Extract the grids of the detected lungs where pleural effusion can be located and create a new dataset with these grids

In [6]:
def extractPleuralGrids(imgPath):
    """Return the grid of the left lung and the grid of the right lung where pleural effusion can be located"""
    
    imgOri = cv2.imread(imgPath, cv2.IMREAD_GRAYSCALE) 

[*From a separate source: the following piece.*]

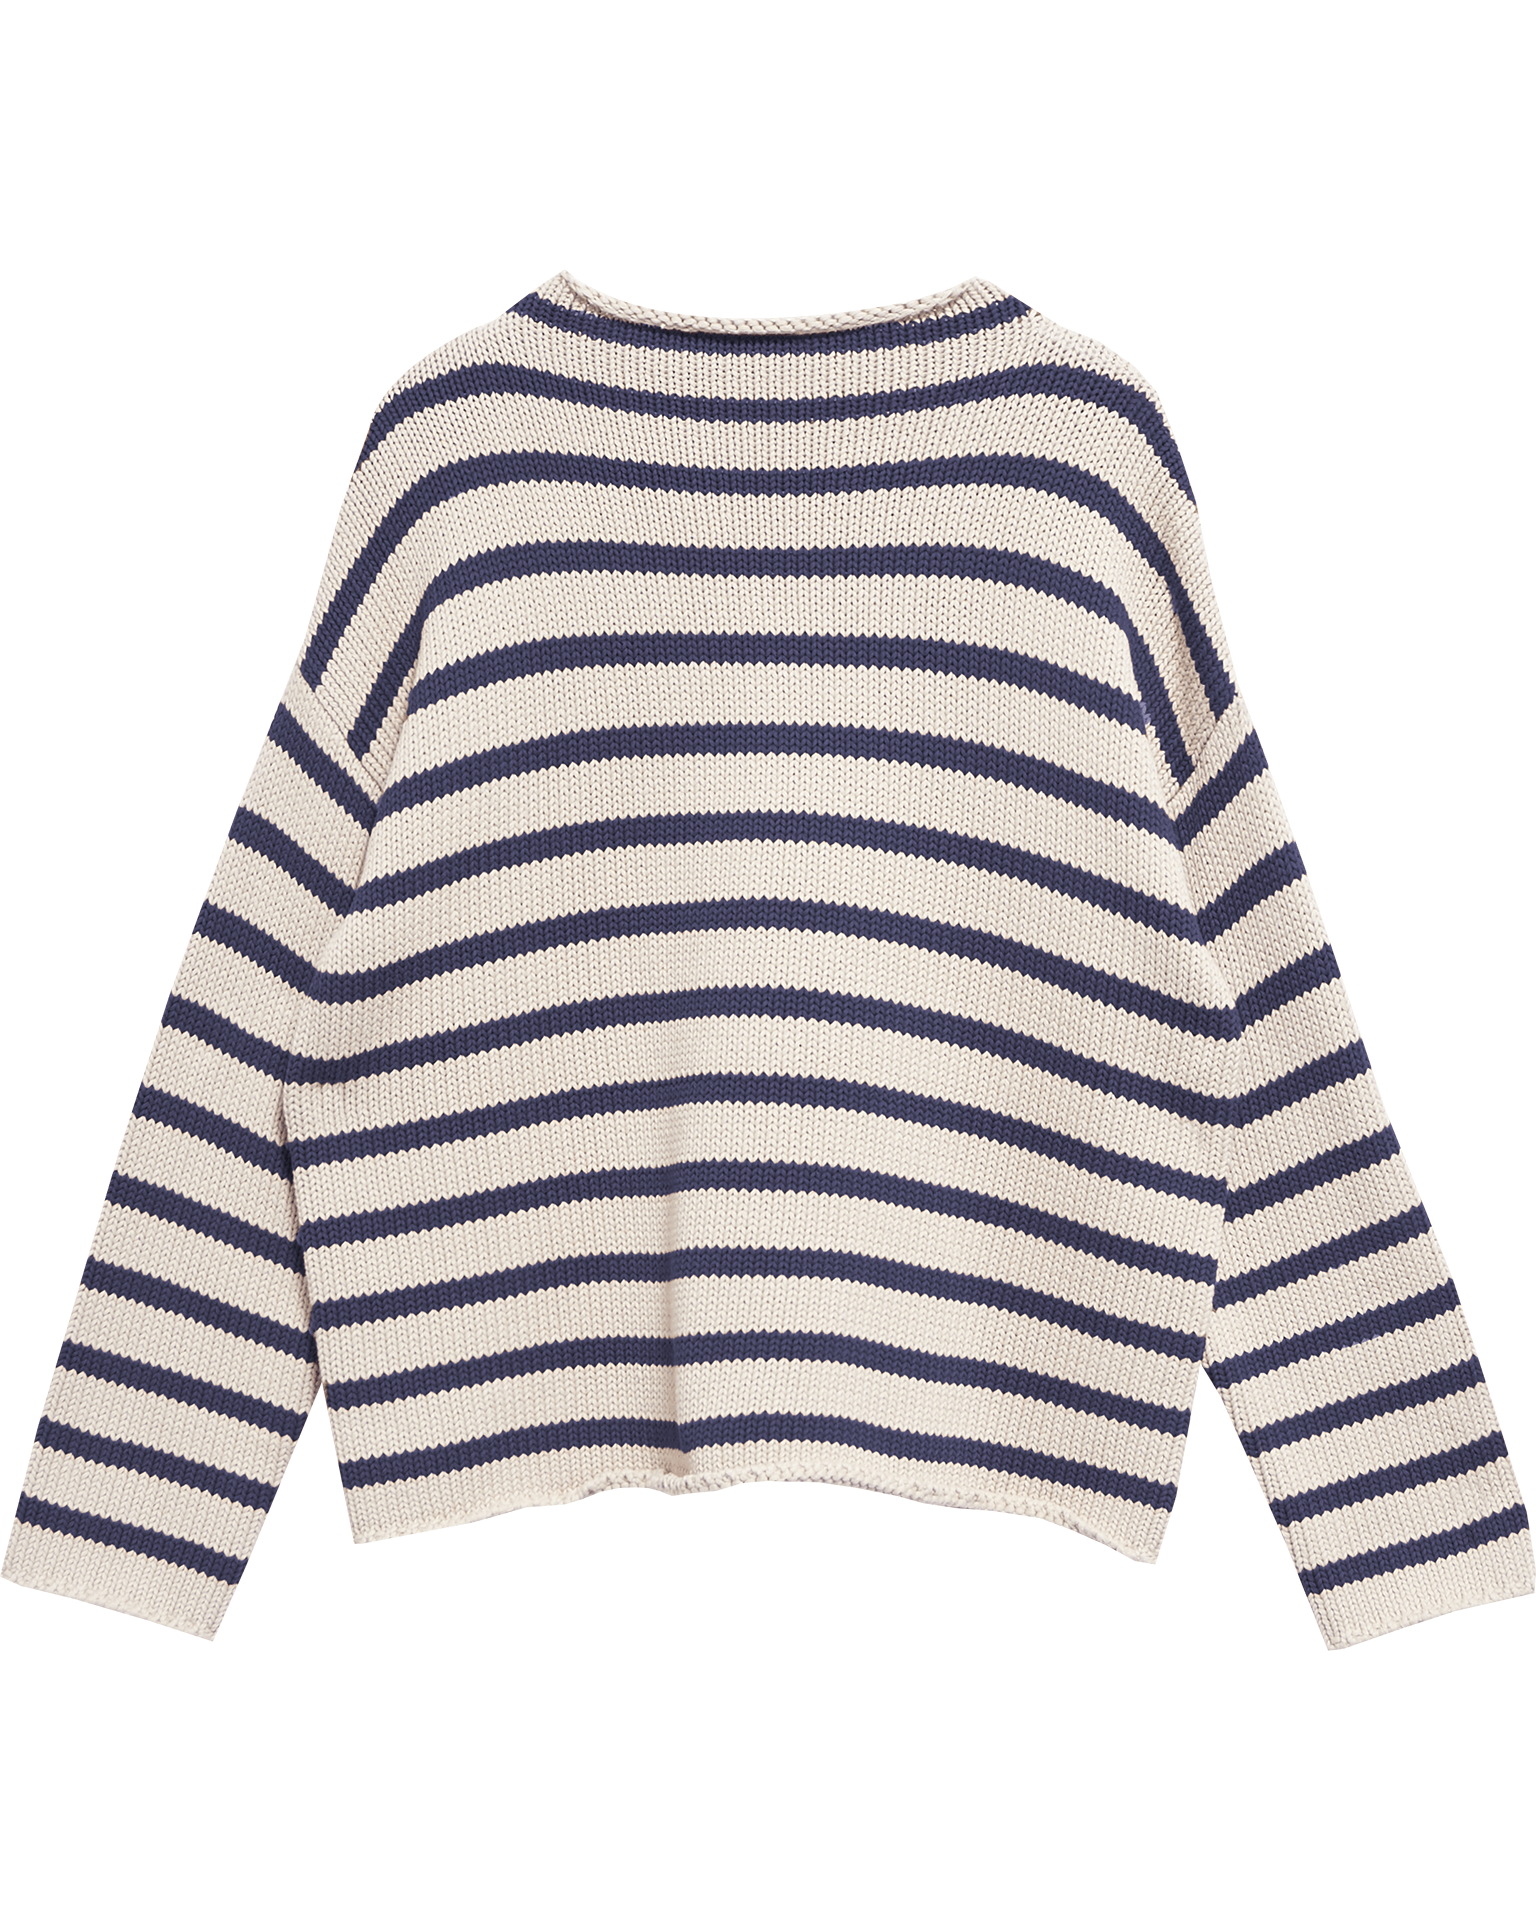 Lamis Stripe Sweater in Natural/Navy

    imgRes = cv2.imread(imgPath) 
    
    predictedBboxes = lungsDetectorModel.predict(imgPath) # get a TensorBBox of size 2x4 with the bboxes coordinates
    ''' Example of predictedBboxes:
    (TensorBBox([[  7.9246,  13.2136,  74.8705, 100.0172],
        [ 78.8447,   8.7797, 146.1627,  99.2884]]), TensorBase([-0.9009, -0.7798, -0.0641,  0.6670, -0.0144, -0.8537,  0.8270,  0.6548]), 
        TensorBase([-0.9009, -0.7798, -0.0641,  0.6670, -0.0144, -0.8537,  0.8270,  0.6548]))
    '''
    predictedBboxes = ((predictedBboxes[1] + 1) / 2).numpy() # predictedBboxes[1] is a TensorBase that contains the "real" predicted bboxes coordinates 

    leftLung = predictedBboxes[0:4] * [imgOri.shape[0], imgOri.shape[1], imgOri.shape[0], imgOri.shape[1]]
    # convert a TensorBBox to a numpy array, so that, we can access each coord as a flot
    rightLung = predictedBboxes[4:8] * [imgOri.shape[0], imgOri.shape[1], imgOri.shape[0], imgOri.shape[1]]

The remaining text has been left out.